А луна — огромная, грандиозная просто, как в старом оперном спектакле,— висела в небе, и если сейчас, знал Федорову посмотреть на нее в простенькую туристскую трубу, такая была у Виктора, купленная когда-то в Москве, возле Столешникова,— если присмотреться, на самом ободке можно различить, как на мелкой пилочке, острые зубцы, зазубринки — горы, лунные пики, вулканы... Ну и ну,— вздохнул Федоров, перекладывая с колена на колено и вытягивая гудящие, словно после долгого перехода, ноги, — только подумать: такая вот нога ступала по Луне; цеплялась за какие-нибудь кочки, бугорки, взметала лунную пыль... Сказка, фантастика! Особенно если учесть, что творилось в ту минуту на славной нашей Земле — здесь щелкали наручники, там маршировали солдаты, где-то испытывали ядерное оружие новейших образцов... Но ей-то что было до этого?.. И она себе плыла, сияла, лучилась отраженным светом, как во времена Сократа... Или неандертальцев, которые жгли костер у входа в пещеру, поджаривали на огне своих сородичей или врагов, а кости бросали смиренно поджидавшим поживы собакам, вчерашним волкам...
2— Сядь, отдохни, старушка,— сказал он, когда в комнату вошла Татьяна, устало шаркая домашними туфлями, Никогда не называл он ее «старушкой», а тут вырвалось, не в том, впрочем, смысле, что годы подошли,— попросту пережитое вместе давало право на дружеское сочувствие, на общие воспоминания, на воскрешаемые в памяти с полуслова радости и беды пройденного рука об руку пути. Пожалуй, она так и поняла его, только пушистые брови от неожиданности дрогнули, выгнулись вверх — и тут же опустились, выпрямились. Она села в кресло-качалку, тоже вытянув раздавшиеся в икрах, но все еще красивые ноги. Села, прикрыла глаза и забросила руки за голову, утопила в пышной волне волос.
Она, конечно, видела — и сигарету в его пальцах, и узенькую, из потемневшего серебра, коньячную рюмочку, по промолчала. Он с благодарностью оценил это. Она сказала:
— Налей-ка и мне, там осталось на донышке.

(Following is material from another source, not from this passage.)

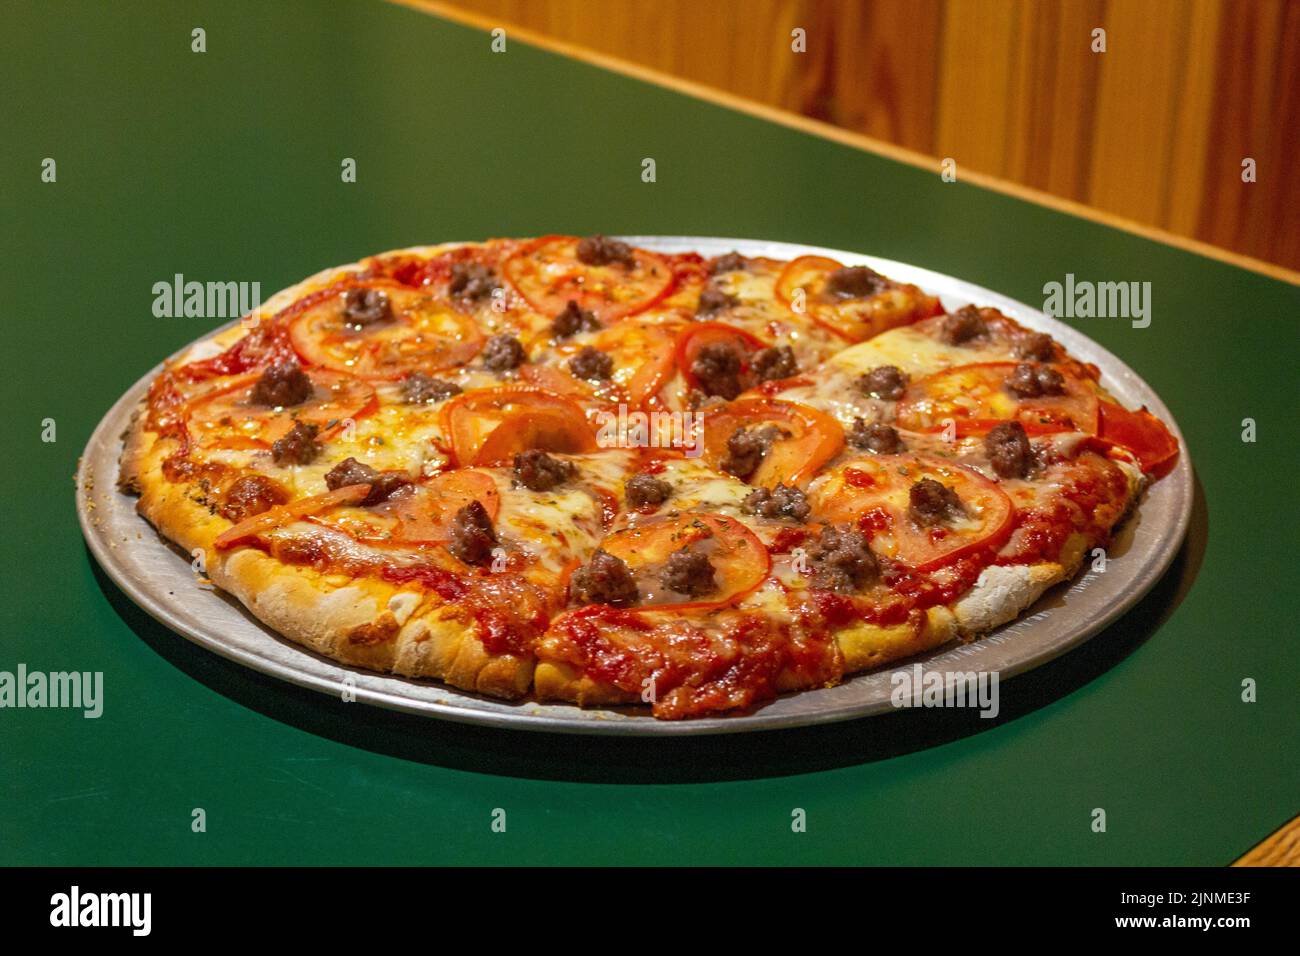 cheesy brick oven pizza with beef and tomatoes Stock Photo

Они сидели молча, в ночной тишине, как случалось редко, почти не случалось в последние годы. Объявления, доносящиеся с аэровокзала, отрывистые, резкие радиоголоса только делали тишину более глубокой. Судебный зал, конвойные, лица ребят за перегородкой, мелькание знакомых, полузнакомых, незнакомых людей, прокурор, народные заседатели, Стрепетова с неотступно следующими за ней летчиками в голубых форменных рубашках и черных галстуках... Все, все отступило куда-то, расплылось, как дымок, вырастающий гибким стебельком из тлеющего, скрытого пеплом кончика сигареты и растворяющийся в едва веющем из окна прохладном воздухе.

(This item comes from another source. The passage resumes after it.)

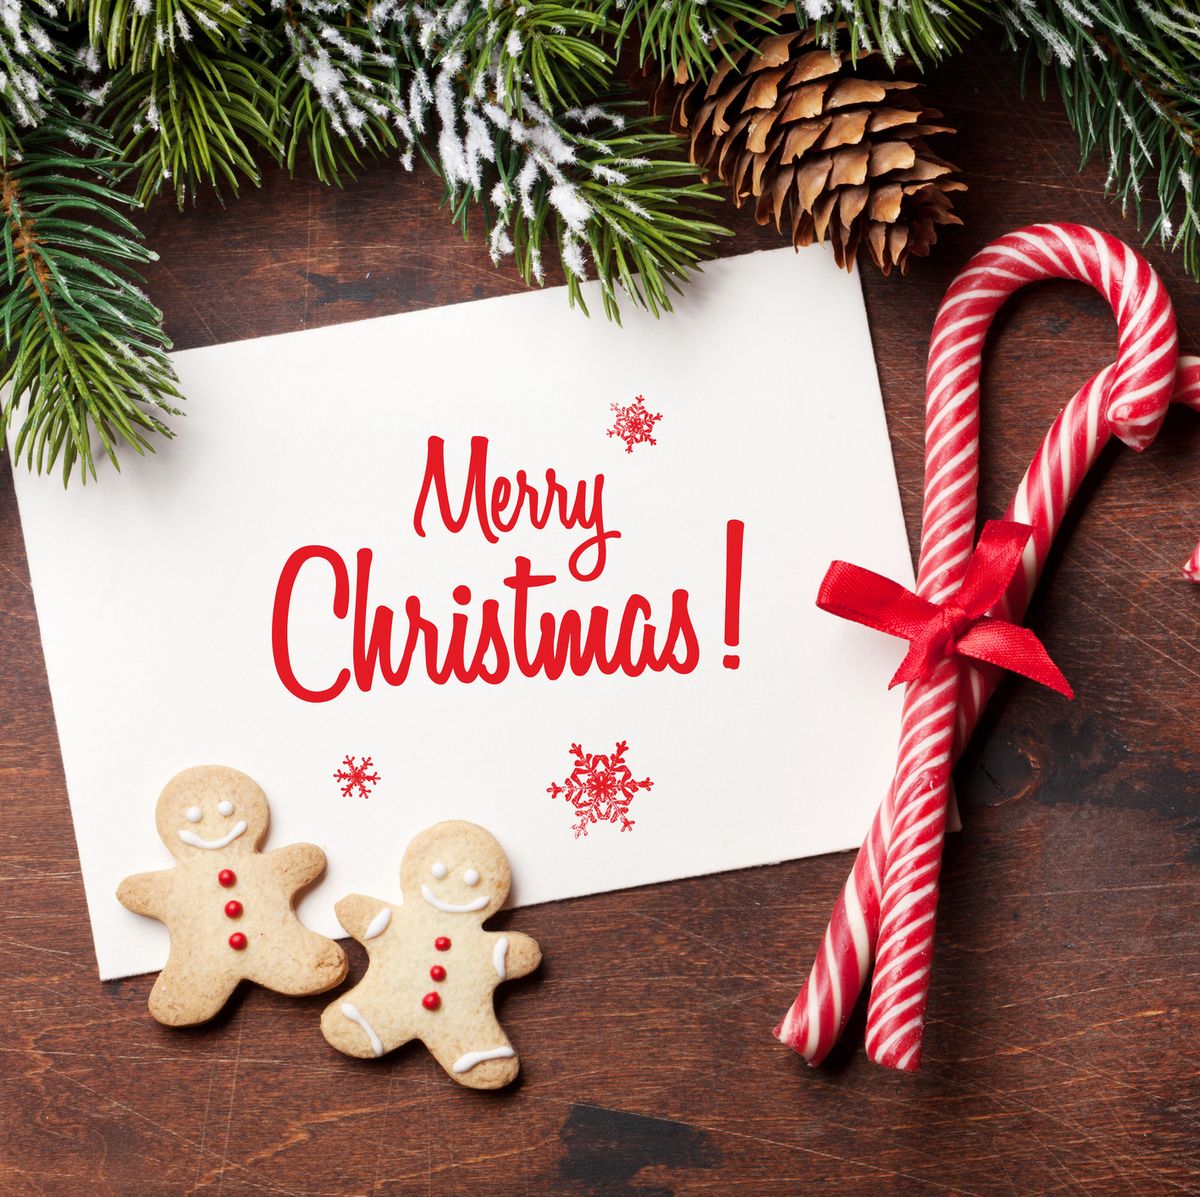 50+ Merry Christmas wishes, messages, greetingsr and quotes

И не было, ничего не было в мире — кроме этой ночи, этих гулких, далеких голосов, кроме них двоих — ничего, ничего не было!..
Она не отпила — скорее смочила губы вином. И поморщилась. Она не умела пить. Она не умела курить. Она стеснялась перед мужем своей наготы. Ей нравились романсы. Шопен. Фет. Пастернак. В ее отливающих платиной волосах, в ее высокой, плавно переходящей в тонкую талию груди, в узких сухих щиколотках, придающих ее фигуре легкость, воздушность,— во всем, что было ею и к чему, казалось, Федоров давно привык, — во всем этом заключалось нечто такое, отчего у Федорова до сих пор холодело внутри, мальчишеская робость пронизывала тело — и не верилось, что он обладал и может обладать сызнова всем этим...
В ней была слабость, была хрупкость и нежность, неизменно влекущие, искусительные для сильного мужчины. Но Федоров, считая себя сильным, знал, что она много его сильней.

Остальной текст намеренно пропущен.